17". A piercing device according to any of embodiments 1"-16" for piercing PCR tubes.

18". A piercing device according to any of embodiments 1"-16" for piercing flat- capped PCR tubes.

19". A piercing device according to any of embodiments 1"-16" for piercing domed- capped PCR tubes.

20". A piercing device according to any of embodiments 1"-16" for piercing a PCR tube situated within a 96 PCR tube plate and sealed with a sealing film.

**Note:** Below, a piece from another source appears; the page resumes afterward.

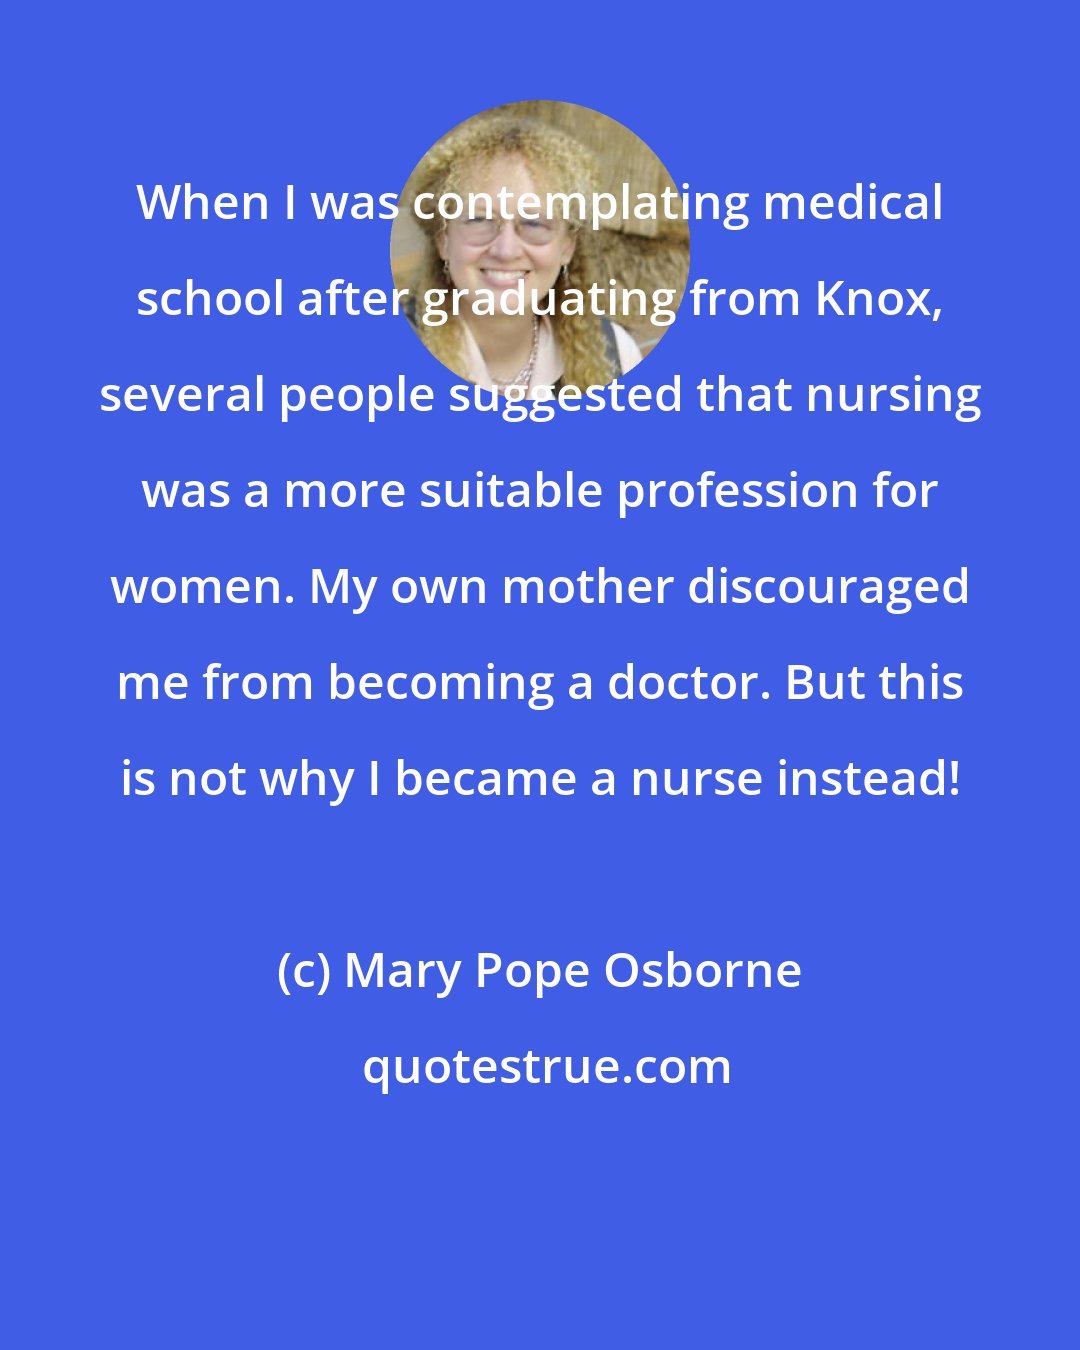 Mary Pope Osborne: When I was contemplating medical school after graduating from Knox, several people suggested that nursing was a more suitable profession for women. My own mother discouraged me from becoming a doctor. But this is not why I became a nurse instead!

21 ". A piercing device according to any of embodiments 1"-20" which maintains the portion of container material cut by the needle attached to the container. [0057] While various specific embodiments have been illustrated and described, it will be appreciated that various changes can be made without departing from the spirit and scope of the disclosure(s).

7. CITATION OF REFERENCES

[0058] All publications, patents, patent applications and other documents cited in this application are hereby incorporated by reference in their entireties for all purposes to the same extent as if each individual publication, patent, patent application or other document were individually indicated to be incorporated by reference for all purposes. In the event that there is an inconsistency between the teachings of one or more of the references

incorporated herein and the present disclosure, the teachings of the present specification are intended.